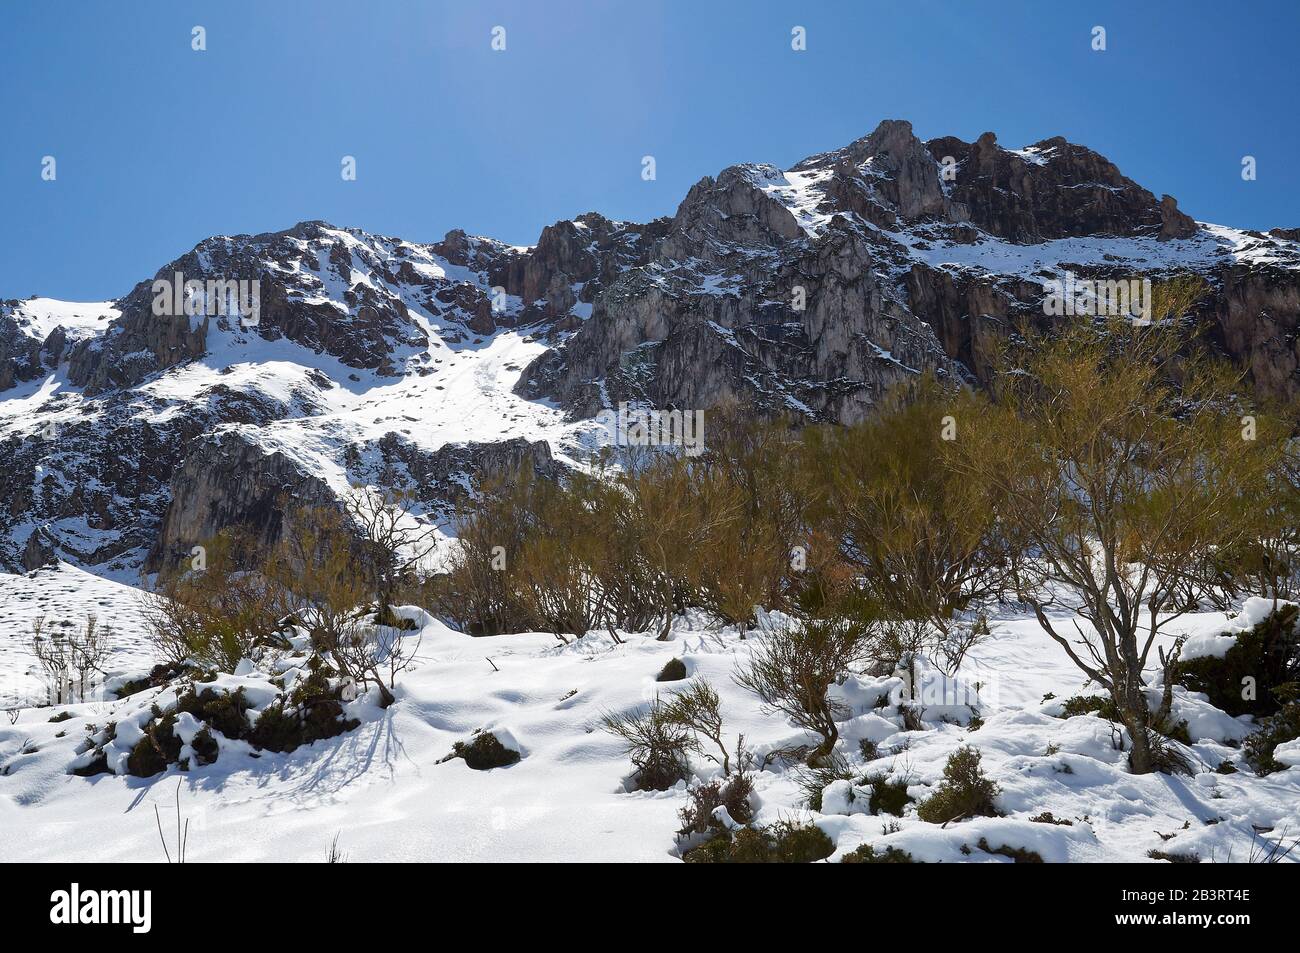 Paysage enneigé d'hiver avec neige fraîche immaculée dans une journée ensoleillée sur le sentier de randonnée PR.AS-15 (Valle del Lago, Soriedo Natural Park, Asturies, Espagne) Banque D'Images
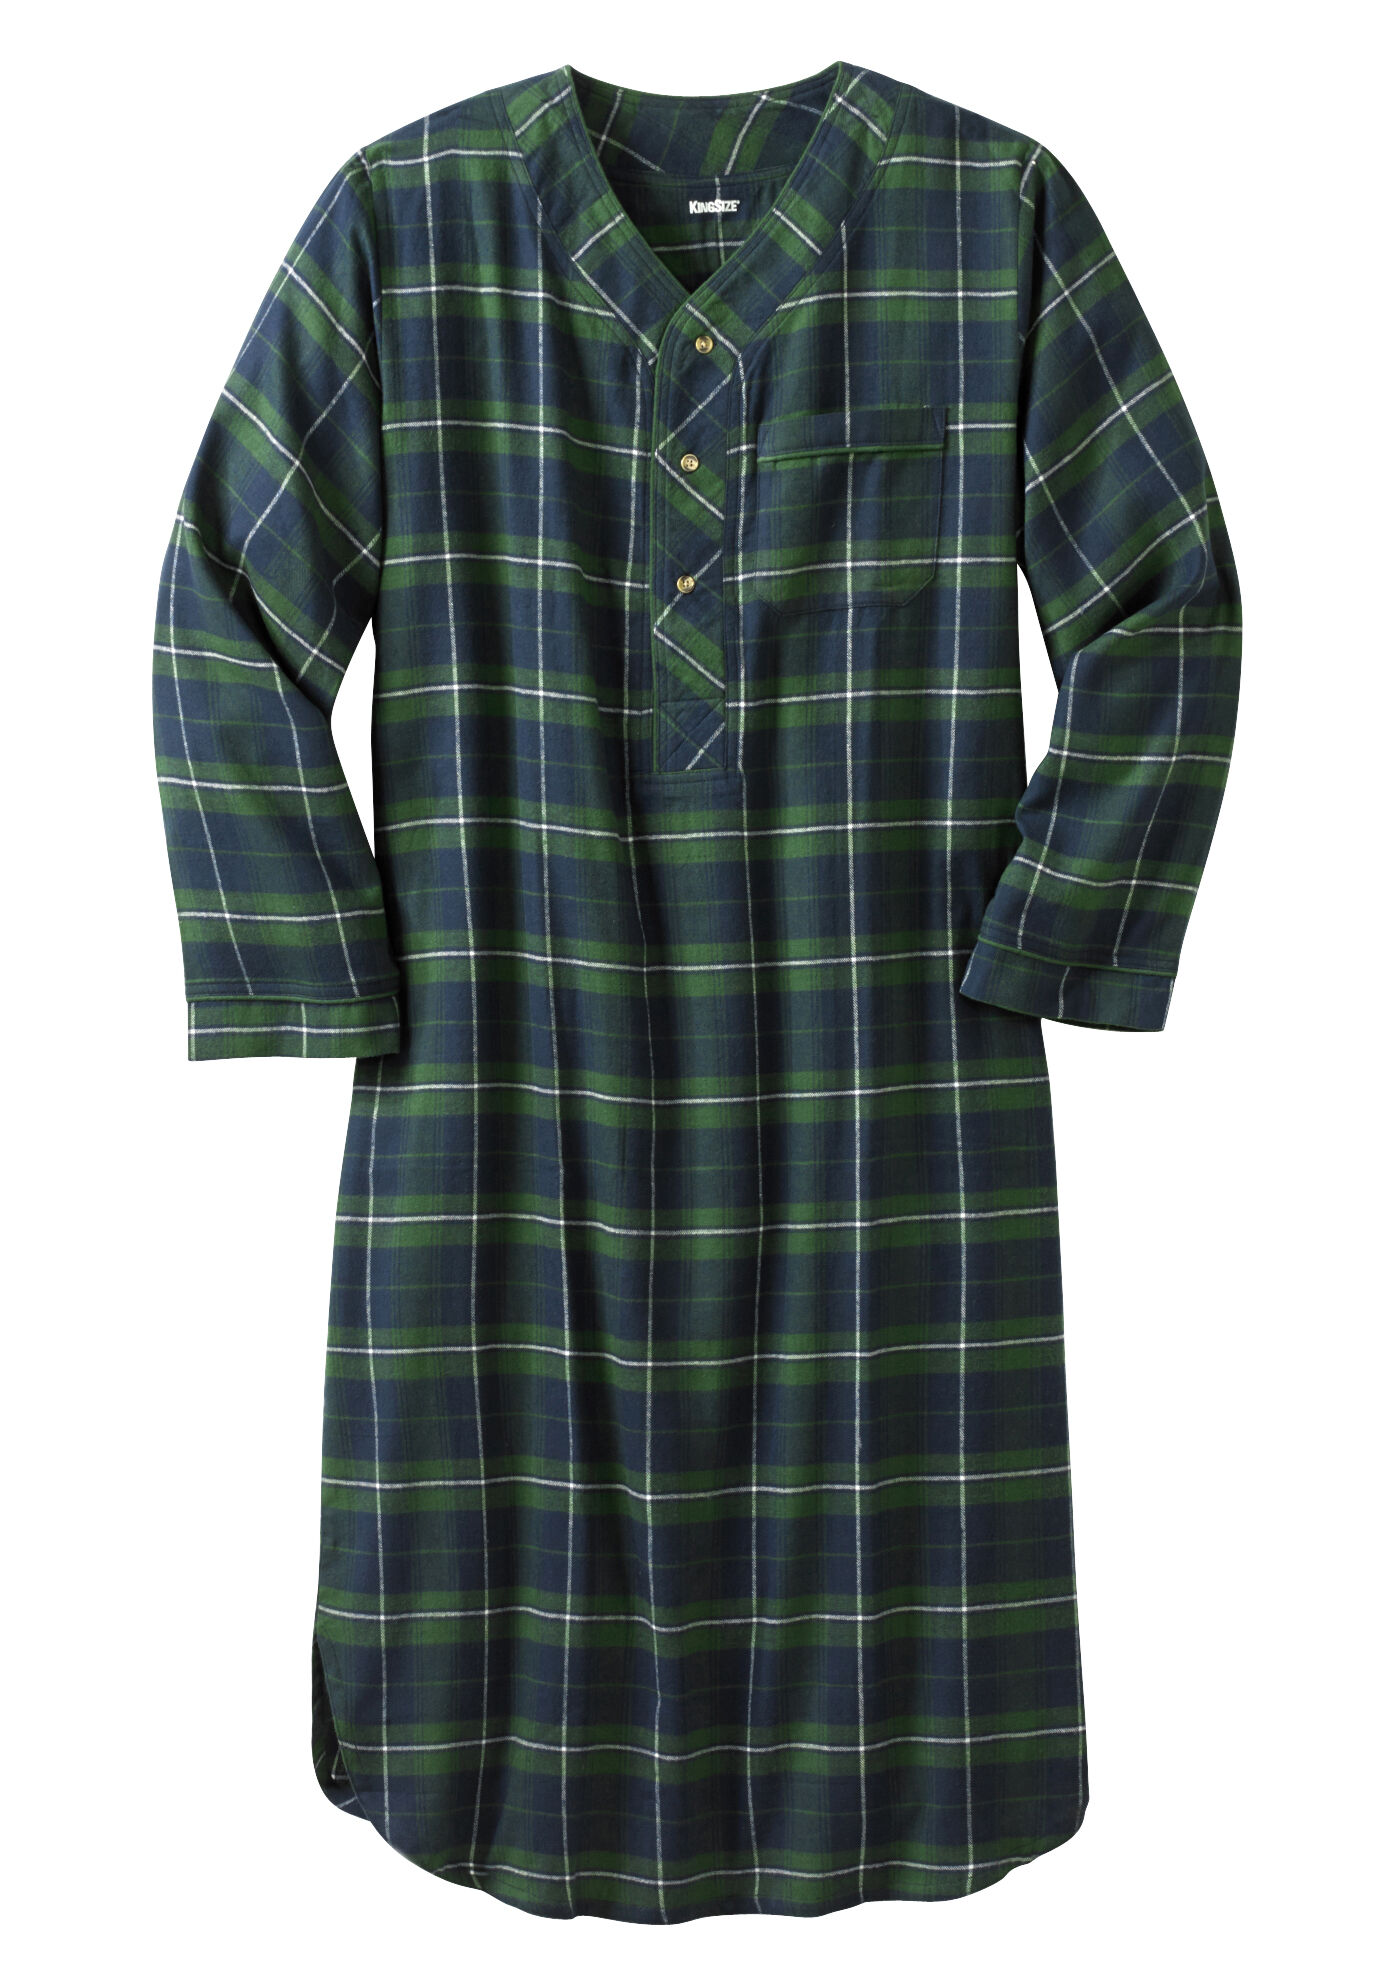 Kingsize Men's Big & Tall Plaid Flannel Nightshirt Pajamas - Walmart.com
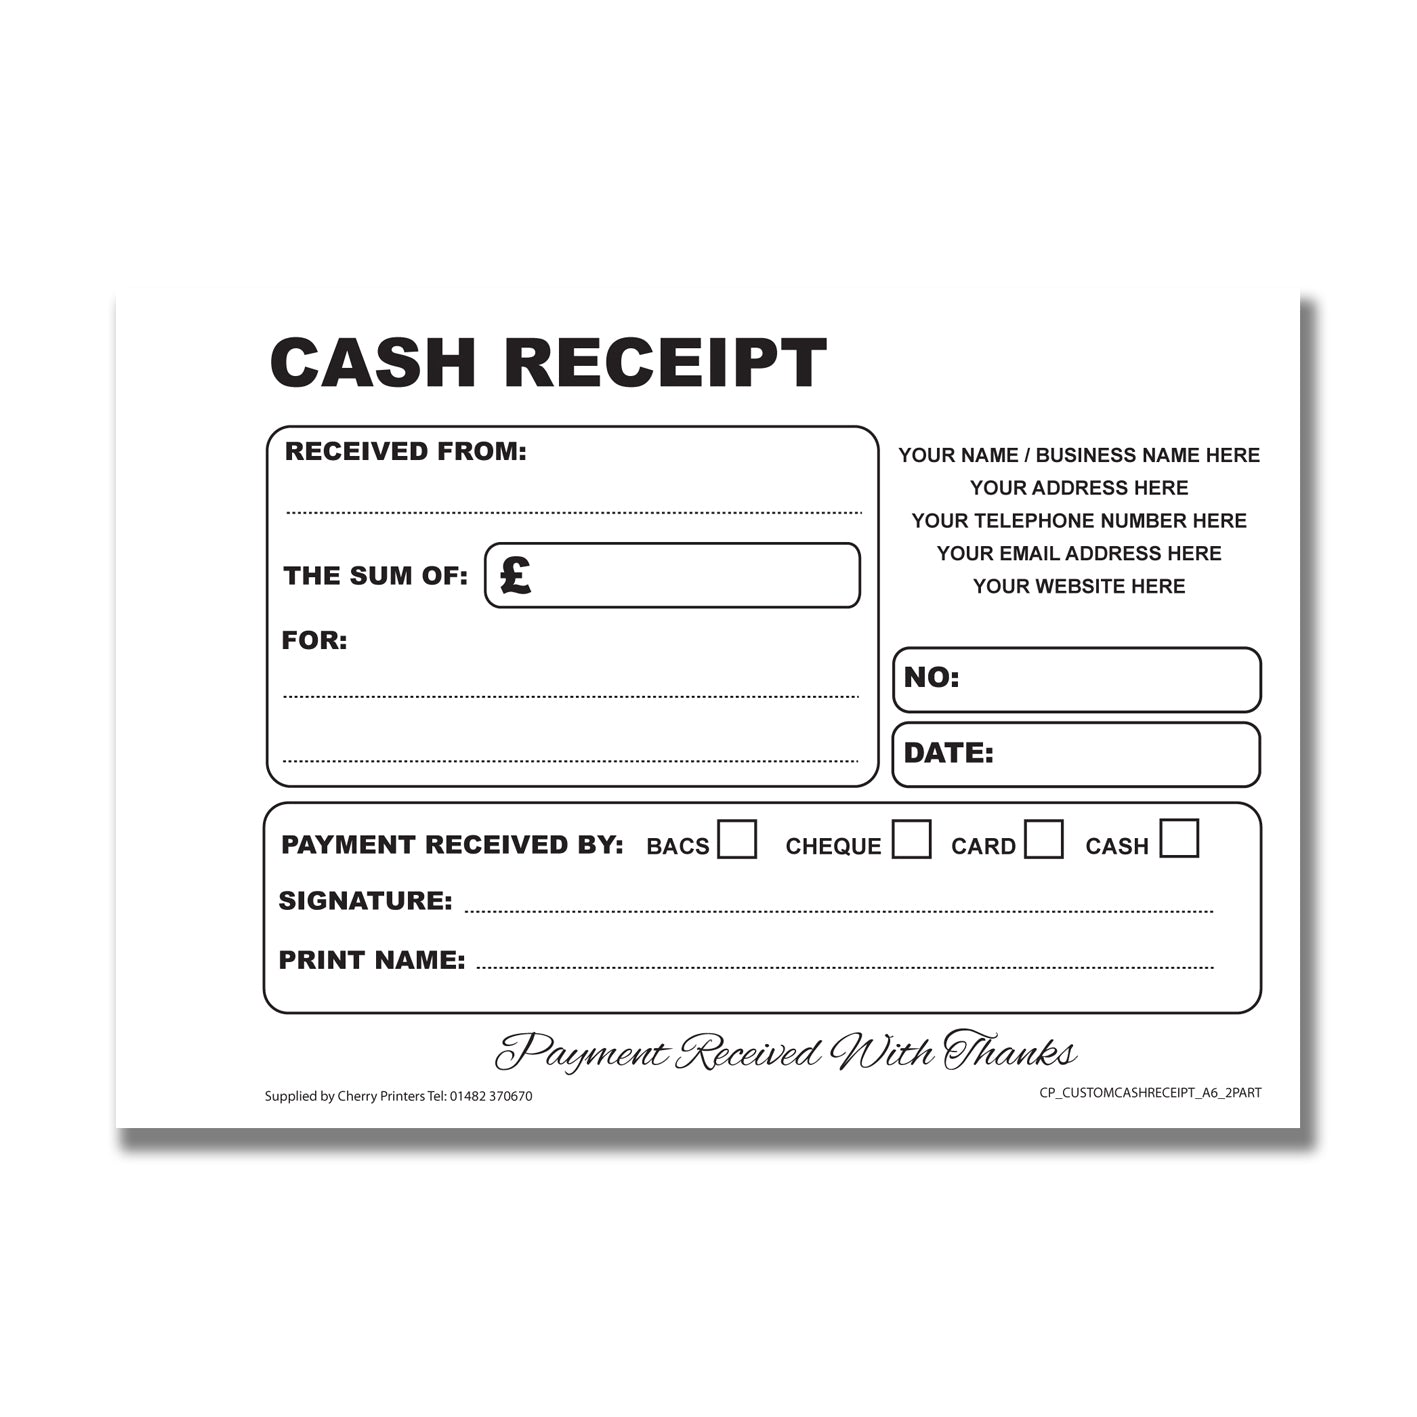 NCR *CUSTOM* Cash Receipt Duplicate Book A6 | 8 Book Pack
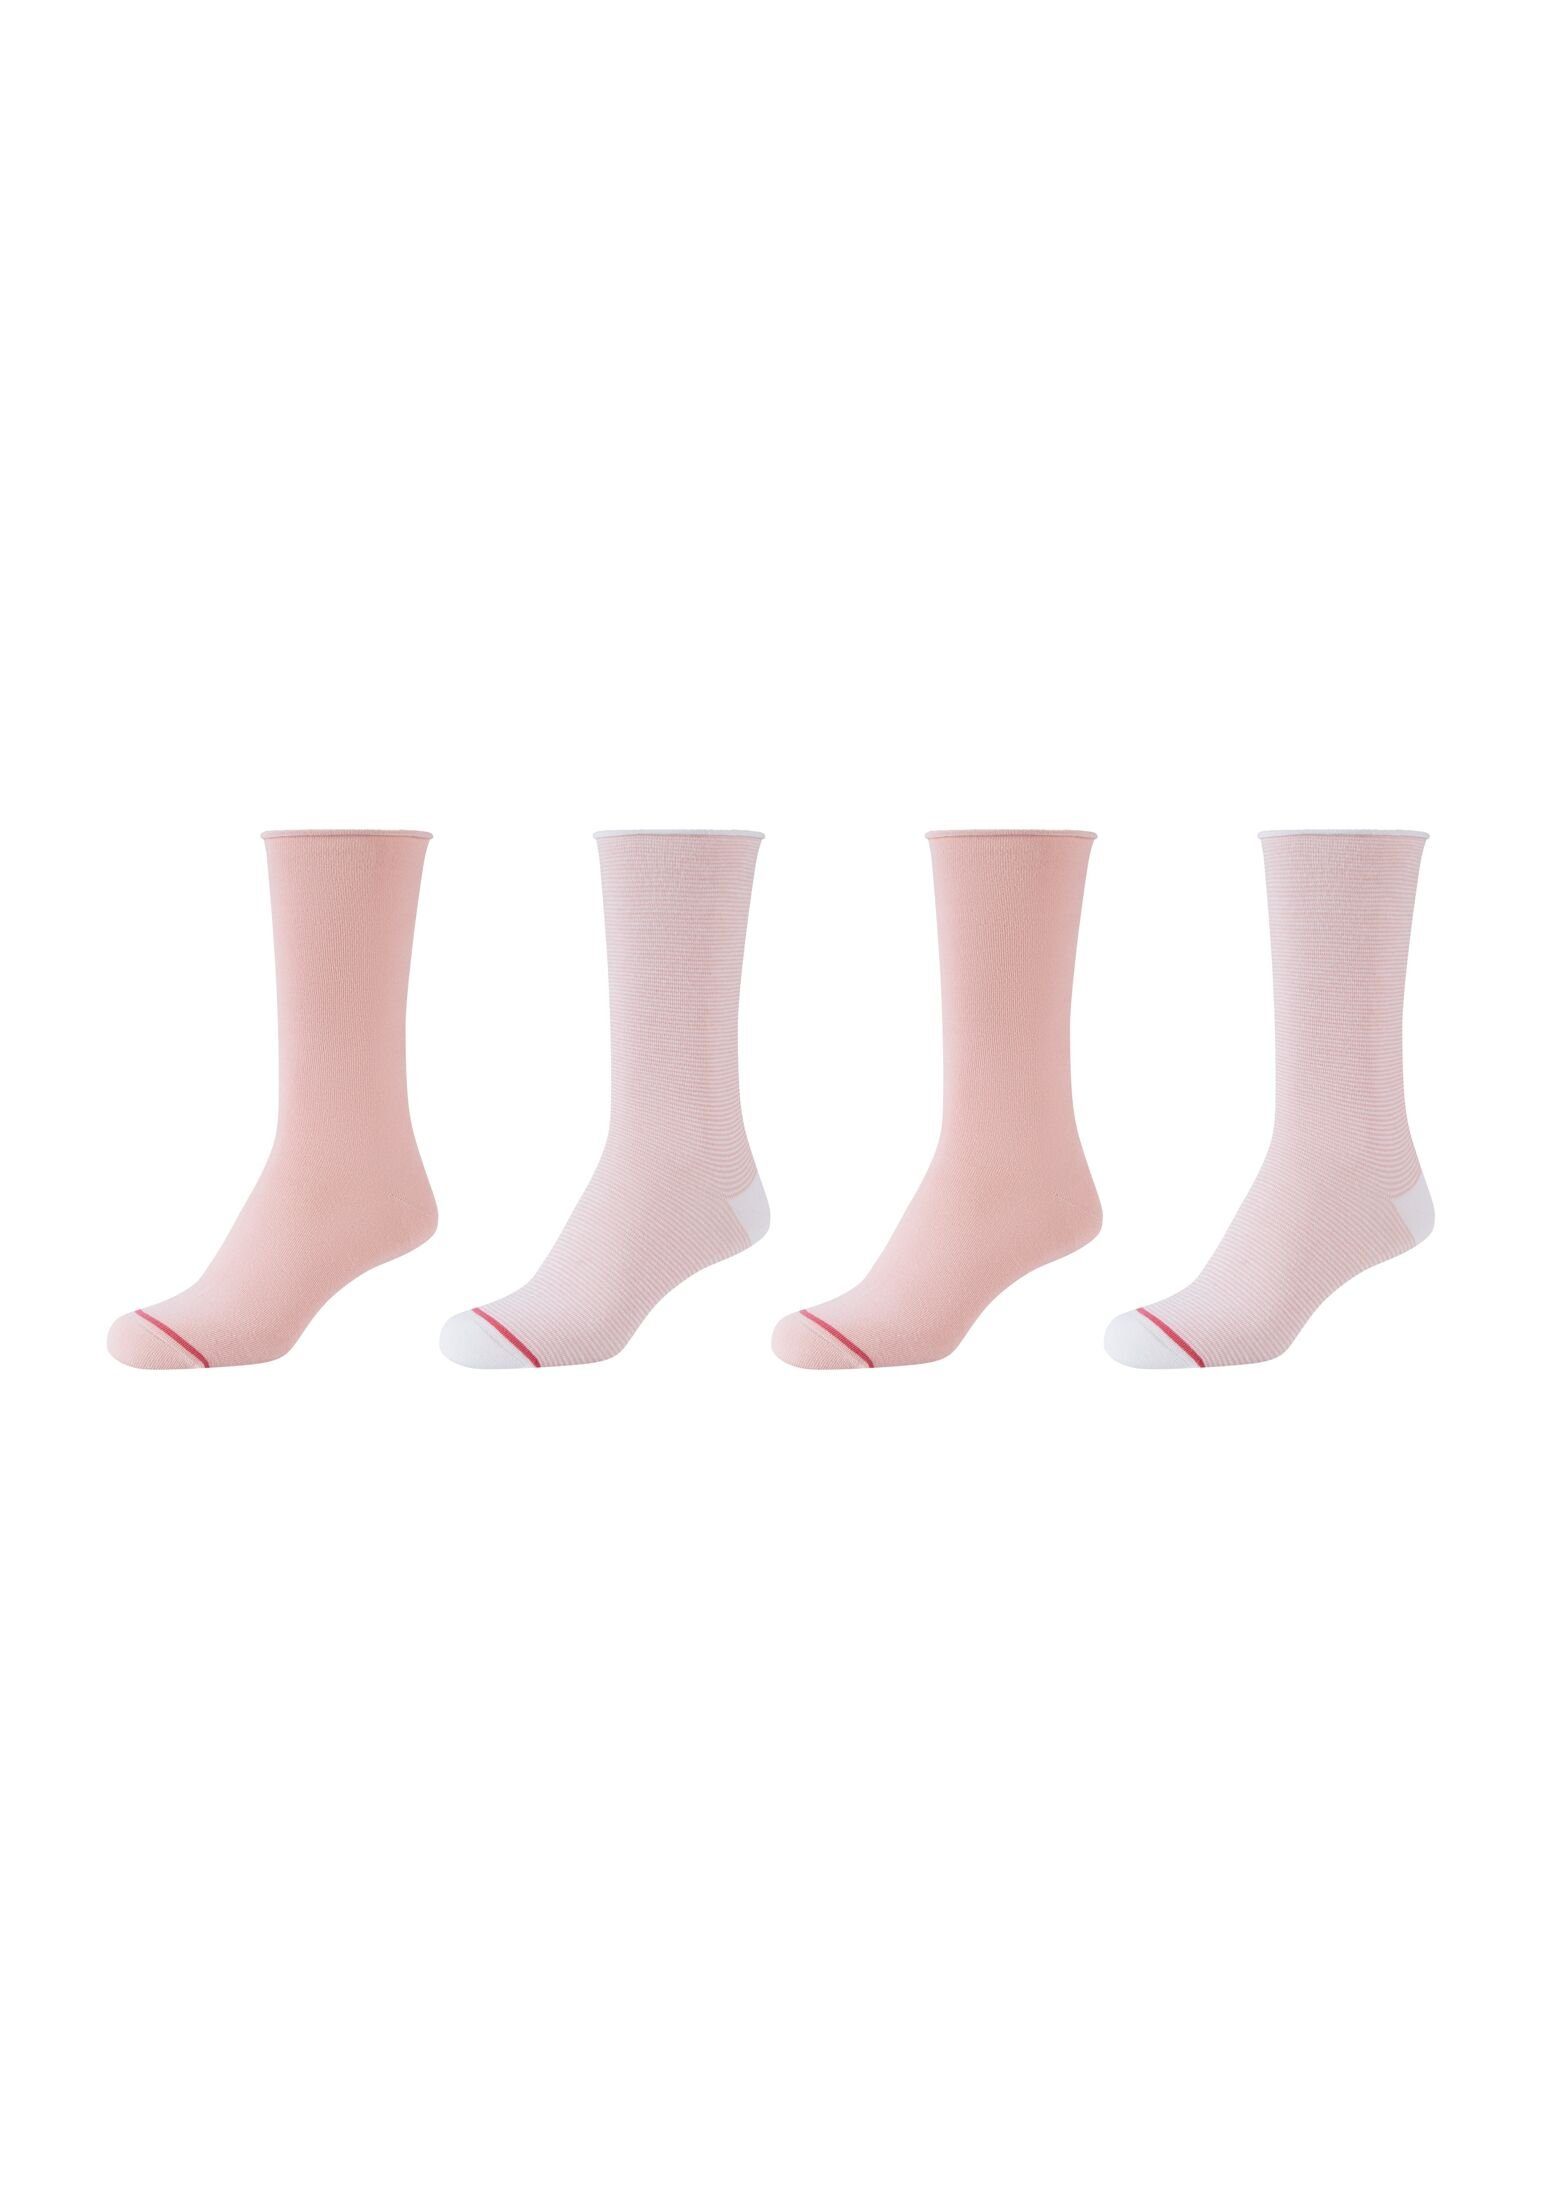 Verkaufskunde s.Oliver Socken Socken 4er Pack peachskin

*-*-*

## Requirement
Take the lines from the start of the material to the line with "Kingsize Men's Big", both included, and transcribe them exactly without the pictures.

## Exercise response
 Paysage enneigé d'hiver avec neige fraîche immaculée dans une journée ensoleillée sur le sentier de randonnée PR.AS-15 (Valle del Lago, Soriedo Natural Park, Asturies, Espagne) Banque D'Images
 Kingsize Men's Big & Tall Plaid Flannel Nightshirt Pajamas - Walmart.com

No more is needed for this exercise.